CNN political commentator Angela Rye declared Tuesday that the U.S. will be soon be running “death camps” along the U.S. southern border unless “our consciousnesses are not quickly pierced.”
Rye made the comments during an interview with CNN’s Chris Cuomo, in a debate with CNN contributor and former Trump Hispanic advisory council president Steve Cortes.
The rhetoric comes after Rep. Alexandria Ocasio-Cortez (D-N.Y.)
received considerable backlash from both sides of the aisle on Tuesday after she compared migrant detention facilities at the border to “concentration camps.”
{mosads}Rye backed Ocasio-Cortez’s comments, pointing to an encyclopedia definition of concentration camps and saying: “Whether we call them concentration camps or we call them detention, they are problematic.”
Cortes argued that the migrant detention facilities were necessary due to the “overwhelming” number of migrants crossing into the U.S. illegally.
“What we have now are foreign citizens who are trespassing into the United States overwhelming for economic reasons, and we know that to be true historically and presently because the director of ICE [Immigration and Customs Enforcement] just told us 90 percent are not showing up for their asylum hearings, they’re not legitimate refugees, they’re economic migrants who have decided on their own when and how they can become American citizens and that’s not the right away,” said Cortes, who also serves as a CNN contributor.
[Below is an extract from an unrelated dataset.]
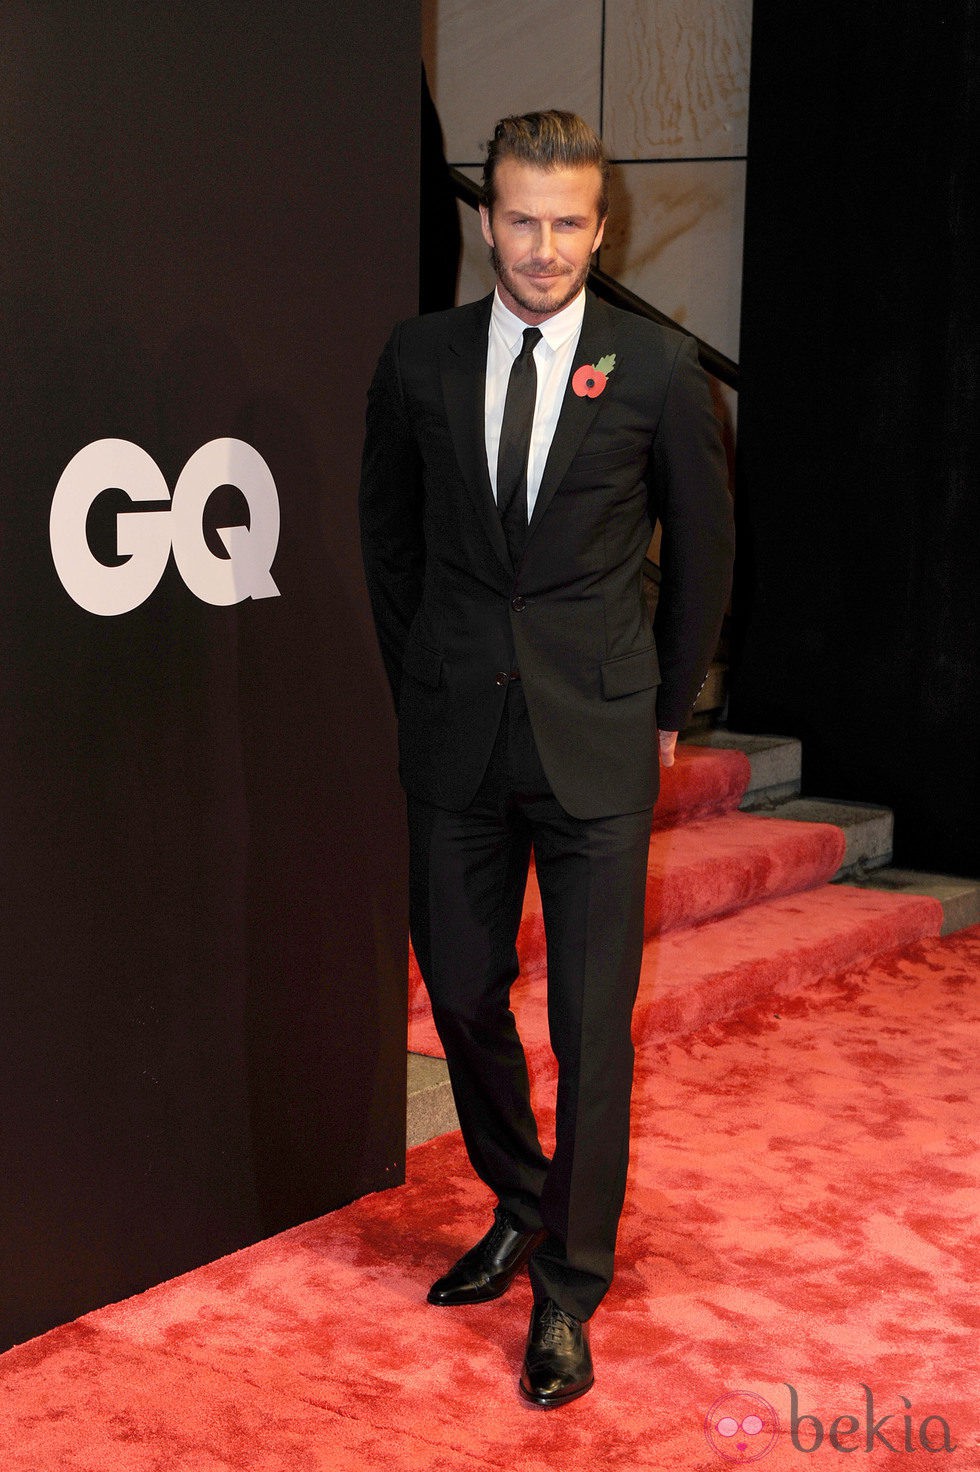 David Beckham en los premios GQ 2013 en Berlín

Rye responded by warning that what she described as concentration camps could soon become “death camps.” Ocasio-Cortez on Tuesday drew a distinction between the two, tweeting, “And for the shrieking Republicans who don’t know the difference: concentration camps are not the same as death camps. Concentration camps are considered by experts as ‘the mass detention of civilians without trial.’ And that’s exactly what this administration is doing.”
In responding to Cortes, Rye pointed to “white fear” and racism in the U.S. as a factor in the situation at the border, which she described as an “inhumane crisis.”
“I don’t know when we decided that a humanitarian crisis could be defined whether or not someone is carrying a green card or whether or not someone has their papers,” Rye said Tuesday night.
“Before we are American, we are human beings, and it is not OK,” she continued. “It is a damn shame what is happening at this border, and the fact that you’re going to justify it by economics, let me just tell you, there are a whole lot of people making a whole lot of money by having these people in detention centers.”
“You are on the wrong side of history. In 1933 there were concentration camps. In 1941, they were death camps and that is where we are going if our consciousnesses are not quickly pierced, it is a problem,” she added, as Cortes rolled his eyes in disagreement.
“Do not laugh it off. Do not laugh it off,” Rye responded.
Ocasio-Cortez’s concentration camps comparison was met from criticism from the left and right, including from Rep. Josh Gottheimer (D-N.J.), who lost members of his family in the Holocaust that saw 6 million Jews killed at the hands of the Nazis during World War II.
“As an American, I’m deeply concerned about the treatment of children at our borders,” Gottheimer said in a text. “But, make no mistake, the comparison is cruel and disrespectful to the six million who were murdered in the Holocaust, including members of my own family. Concentration camps were places where Jews and others were enslaved, tortured, and then sent to gas chambers to be murdered.”
Rep. Liz Cheney (R-Wyo.) also blasted Ocasio-Cortez for the comparison.
“Please @AOC do us all a favor and spend just a few minutes learning some actual history. 6 million Jews were exterminated in the Holocaust. You demean their memory and disgrace yourself with comments like this,” tweeted Cheney, the third-ranking House Republican.